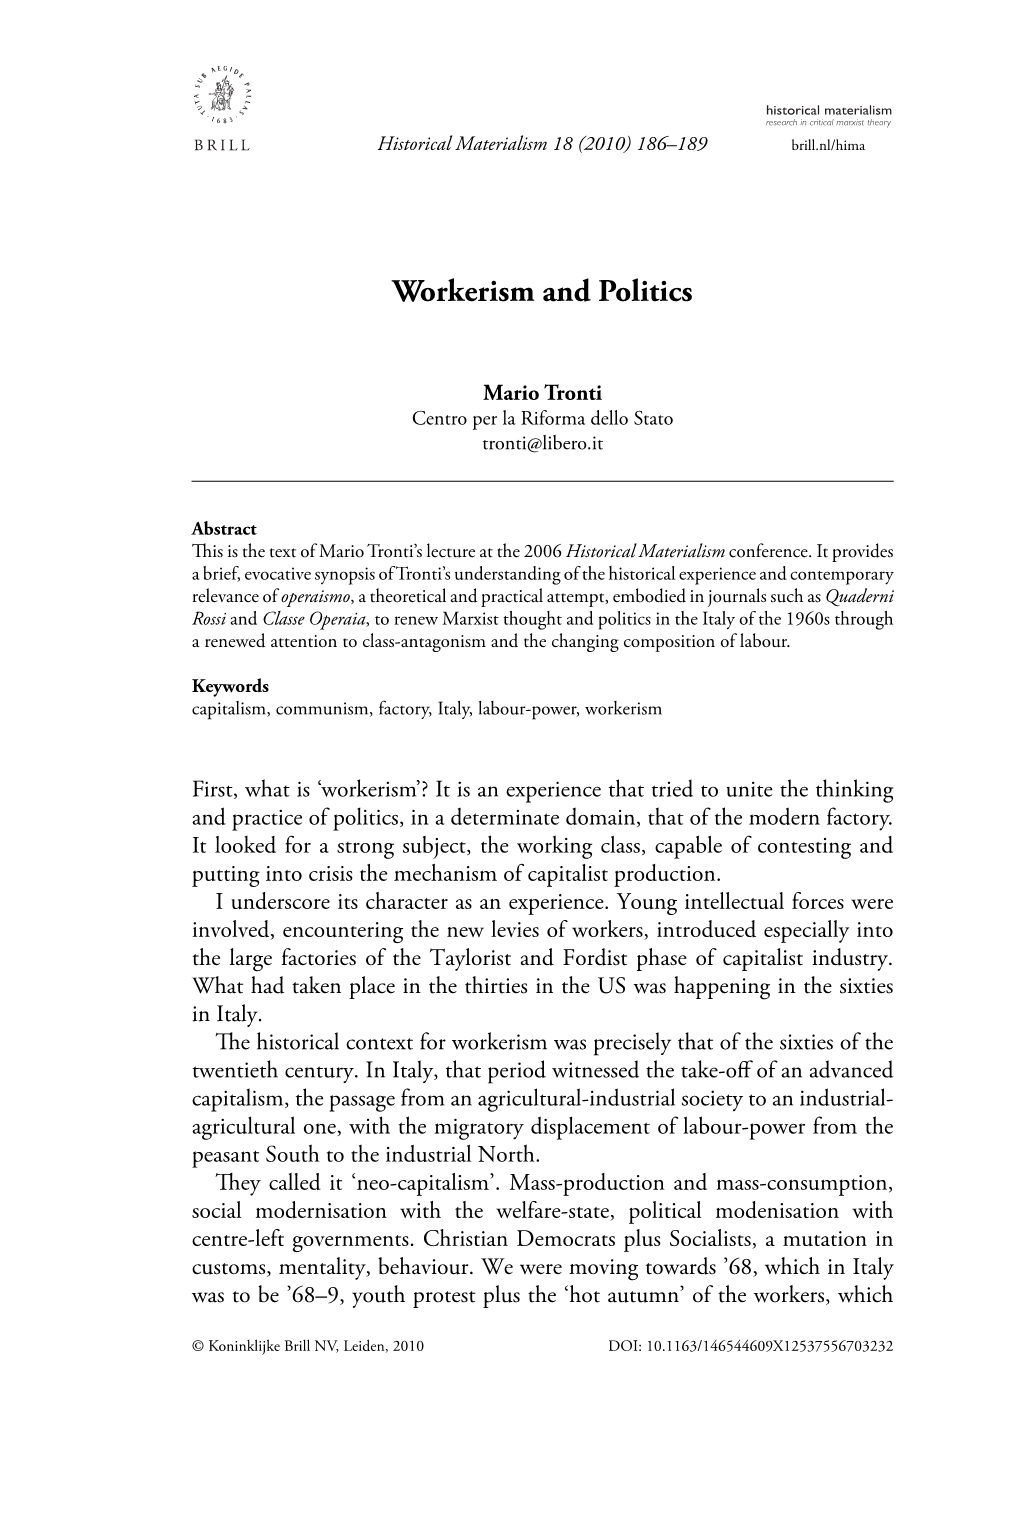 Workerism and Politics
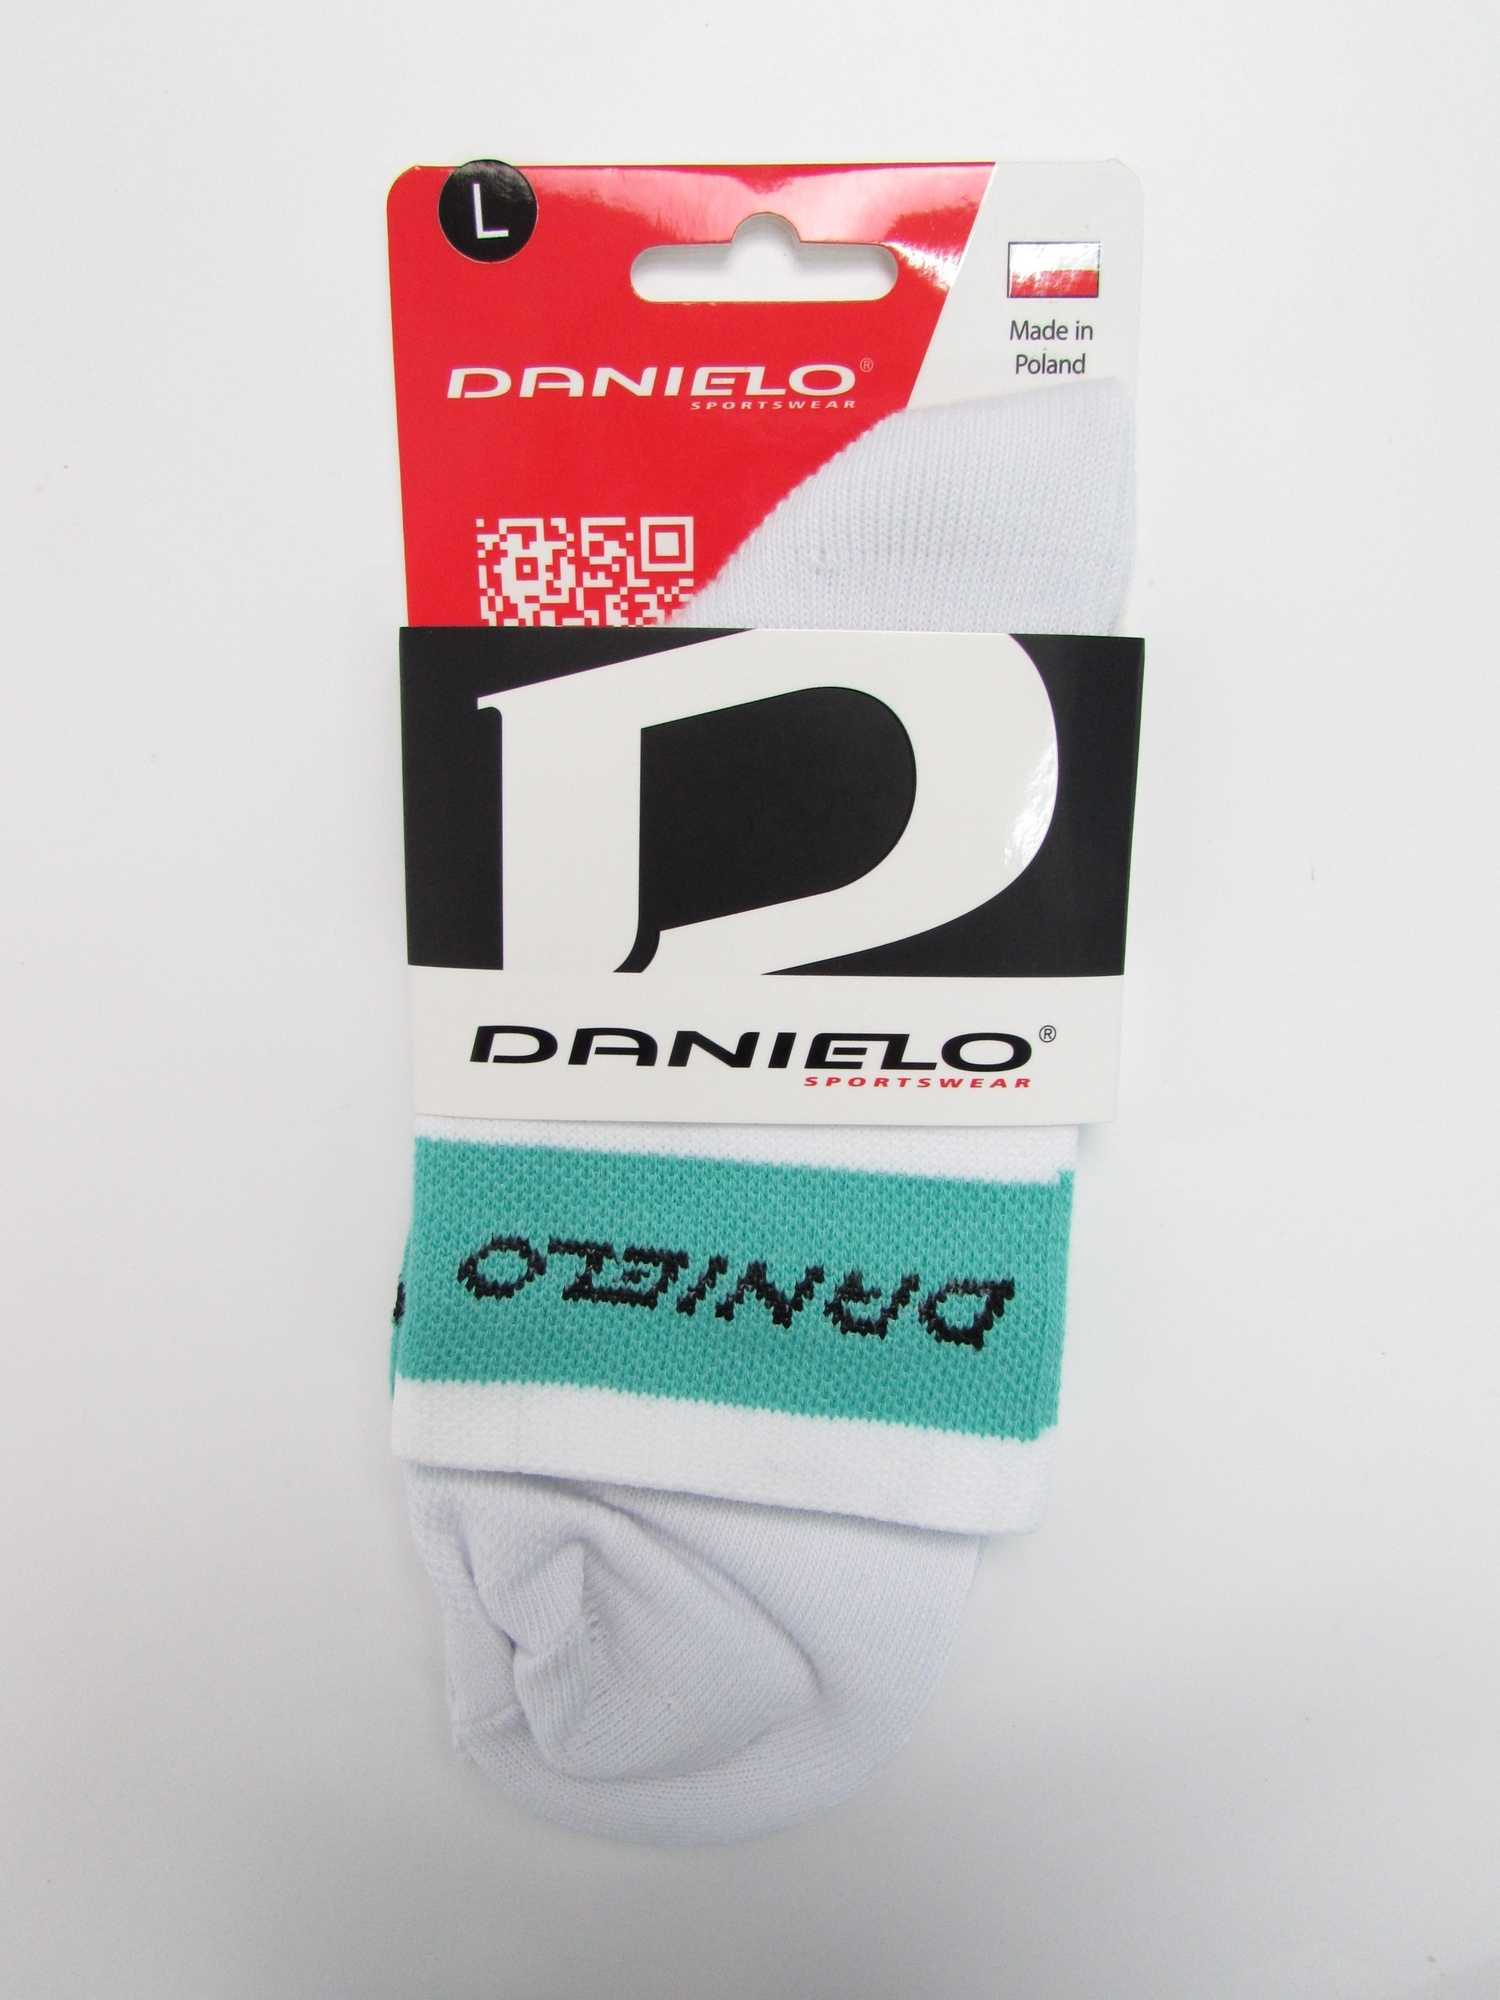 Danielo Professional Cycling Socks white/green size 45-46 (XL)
==
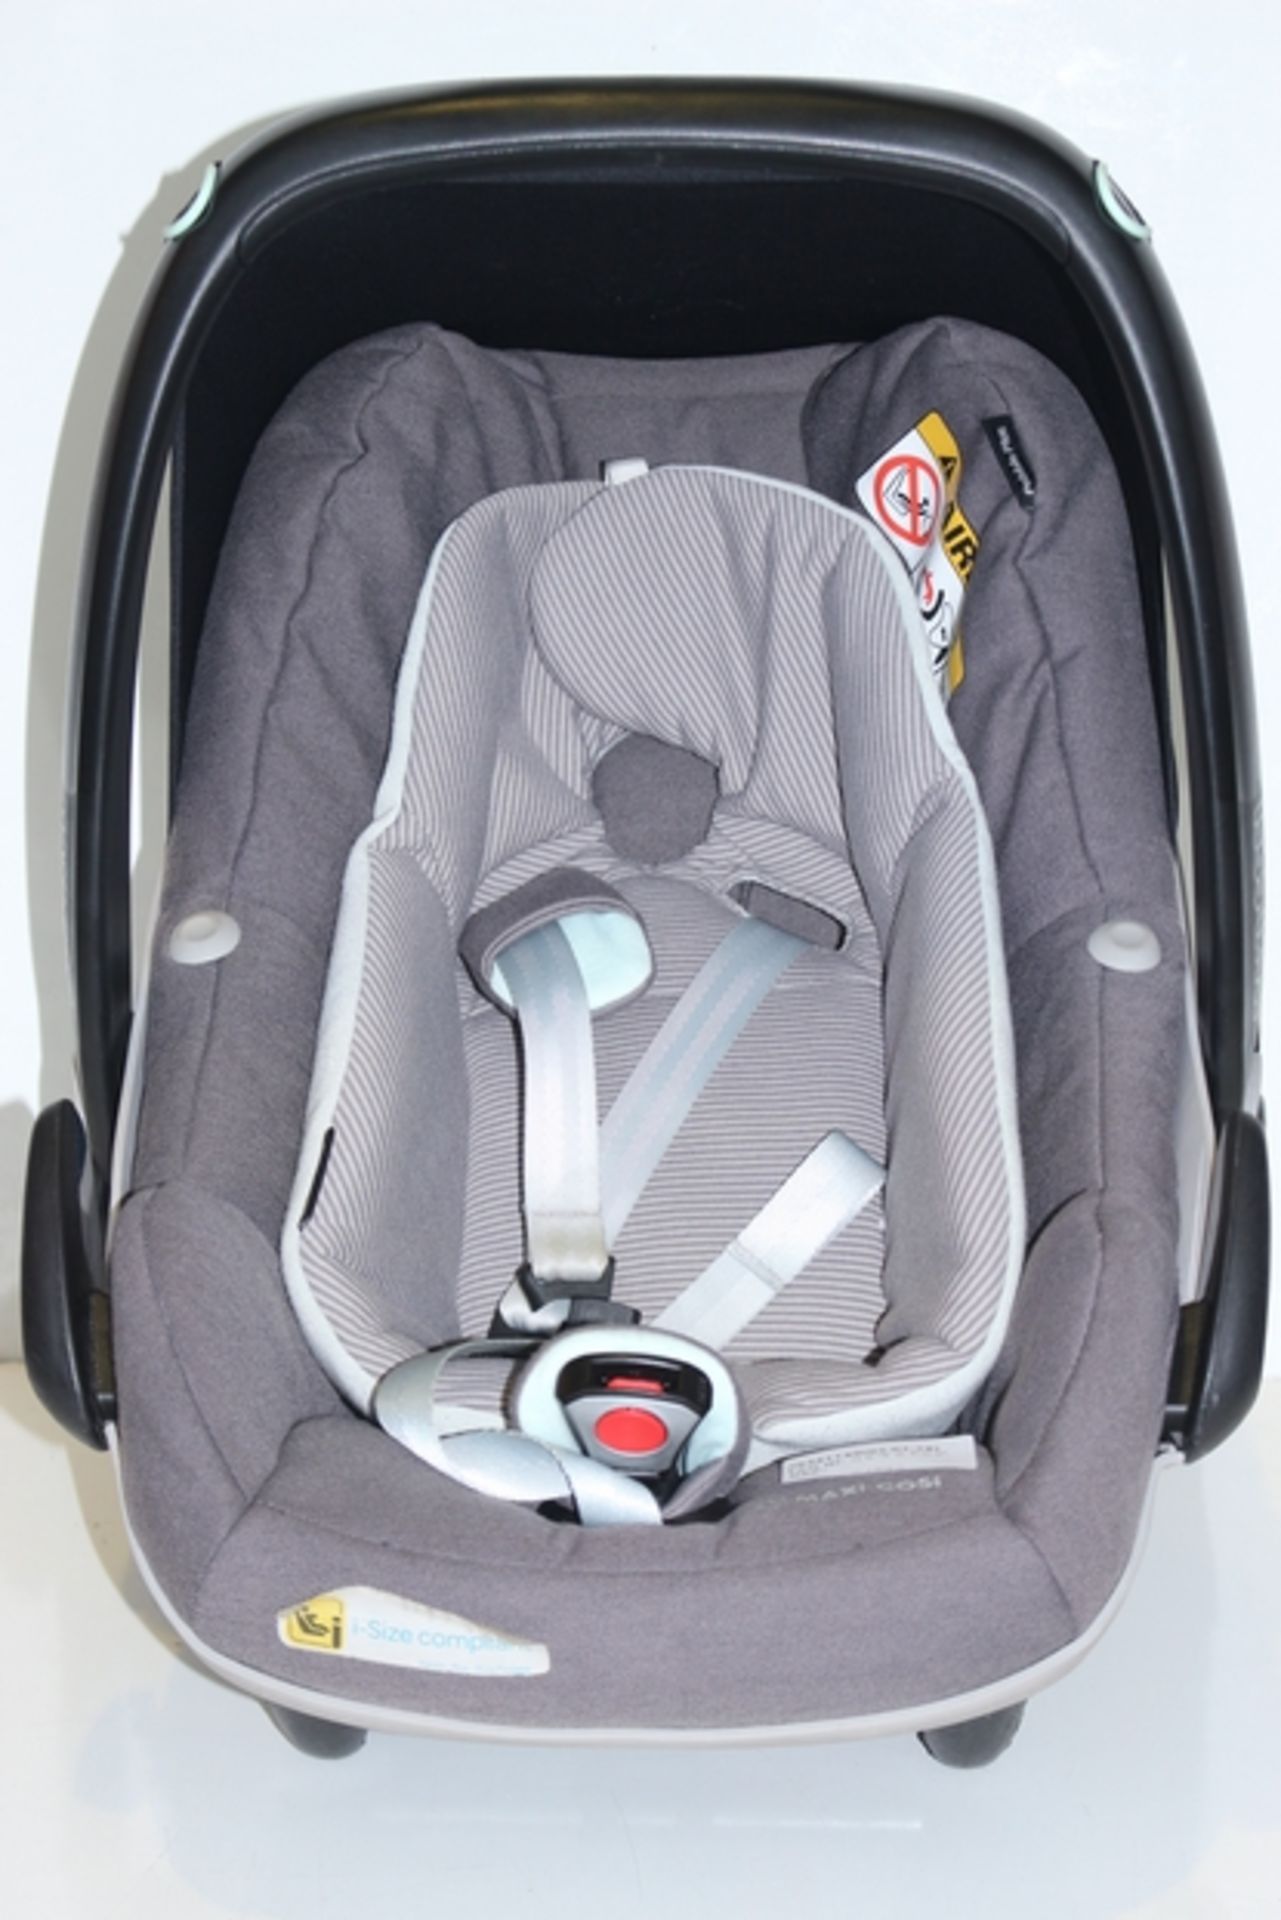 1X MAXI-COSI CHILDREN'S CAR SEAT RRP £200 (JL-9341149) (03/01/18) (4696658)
...
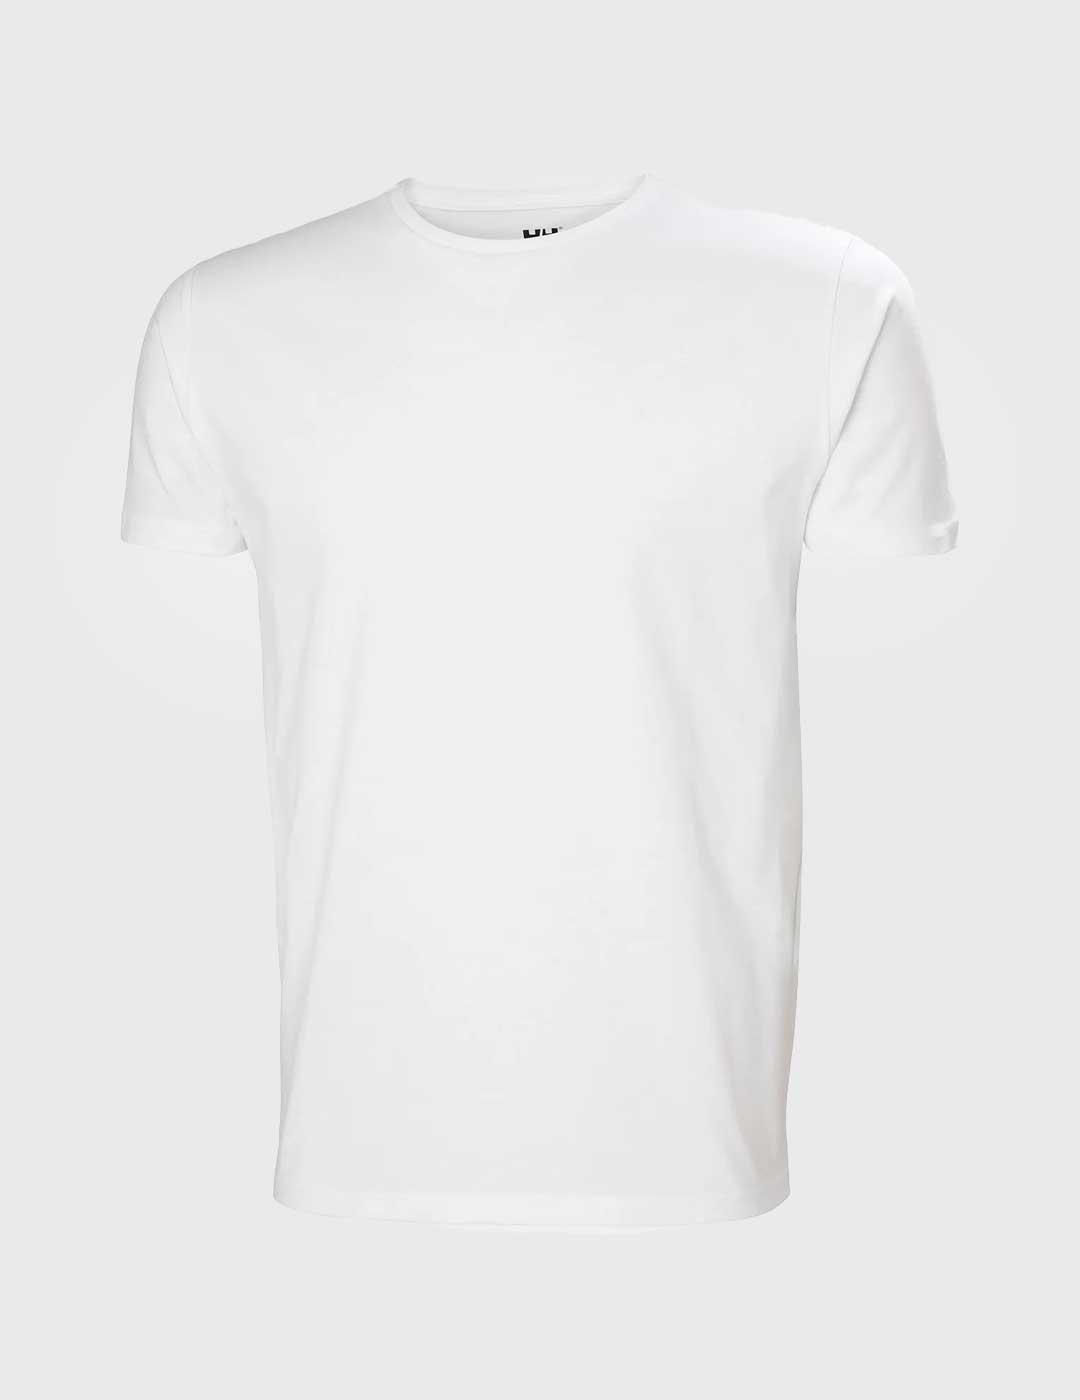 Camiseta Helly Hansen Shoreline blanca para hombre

- _WORK ORDER_
Above are the records. Copy word for word only their lines from the one holding "Workerism and Politics" through the one holding "Danielo Professional Cycling", both included, and skip the images.

- _OUTPUT OF THE TASK_
 Workerism and Politics
 Danielo Professional Cycling Socks white/green size 45-46 (XL)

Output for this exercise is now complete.